In ogni periodo si sono perpetrati gli scempi e le speculazioni più assurde, mancando l’occasione che poteva fare di questa una città a misura d’uomo, una vera città moderna. La miopia di chi ci ha governato per decenni ha invece creato solo degrado ed una città invivibile anche per i più avvezzi. Nonostante ci sia nato, camminando per le strade di Nocera provo un grande disagio. Sembra sia passato un re “Mida” che abbia trasformato, con il solo tocco di un dito, ogni spazio in “cemento” (oro per gli speculatori e i gruppi d’affari), come anche i pensieri di chi ci ha governato. L’unica cosa di cui siamo assai capaci in questa città sembra sia proprio creare mostruosi edifici ed abbattere alberi e giardini.
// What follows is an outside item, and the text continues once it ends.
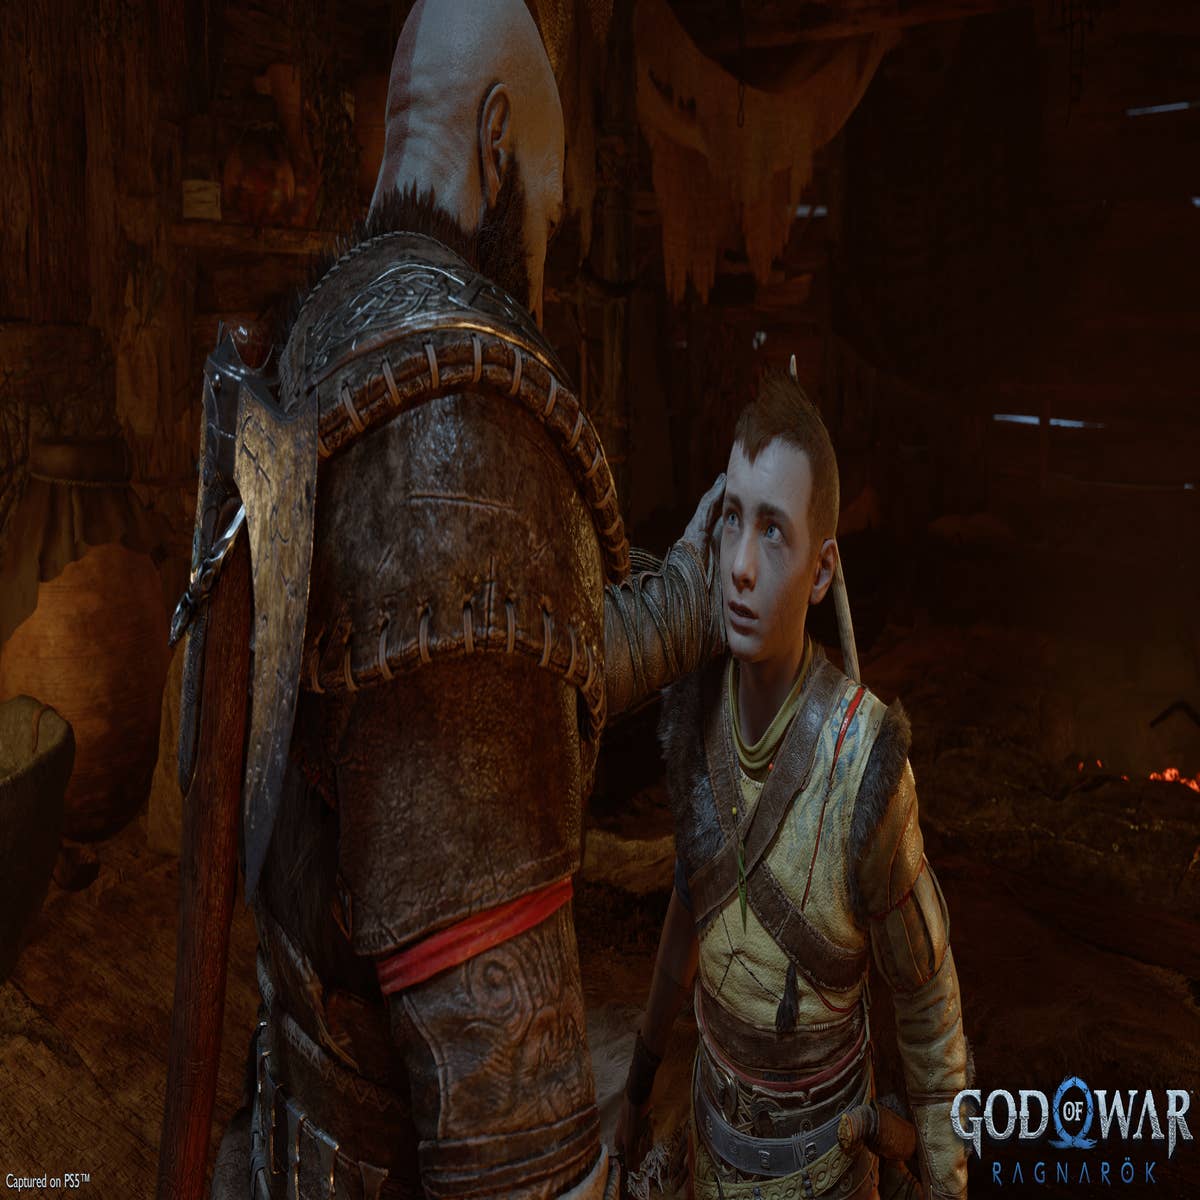 God Of War Ragnarok - Full Story Trailer Breakdown! New Plot

Accanto ai nuclei antichi , orami martoriati e
degradati, dei casali e del borgo, si è sviluppata una città di solo cemento ed
asfalto, a misura della massima speculazione, alla faccia dello sviluppo
equilibrato, della dimensione umana a difesa della quale si sono versati fiumi
di inchiostro da parte degli studiosi. Lo sviluppo organico, armonico che si è
avuto nei secoli passati è stato
cancellato in un momento, grazie alla speculazione immobiliare, al concetto
ancora tutt’ora dominante che la casa non è più un bene primario ma un oggetto
di profitto e speculazione da parte dei costruttori aiutati dalla politica
degli affari, nel cui intreccio si è facilmente inserita la criminalità
organizzata.
Mi viene da pensare che
forse sarebbe stato opportuno laurearmi in “Speculazione
edilizia”, un bel corso di laurea all’Università di Napoli o quanto meno un
corso di specializzazione post laurea, dove sicuramente i signori che hanno
operato per lo sviluppo di Nocera sarebbero stati i migliori docenti.
Non hanno
perso occasione per mettere le mani sulla città, non sono serviti piani
urbanistici comunali e sovracomunali per evitare gli scempi ed il saccheggio.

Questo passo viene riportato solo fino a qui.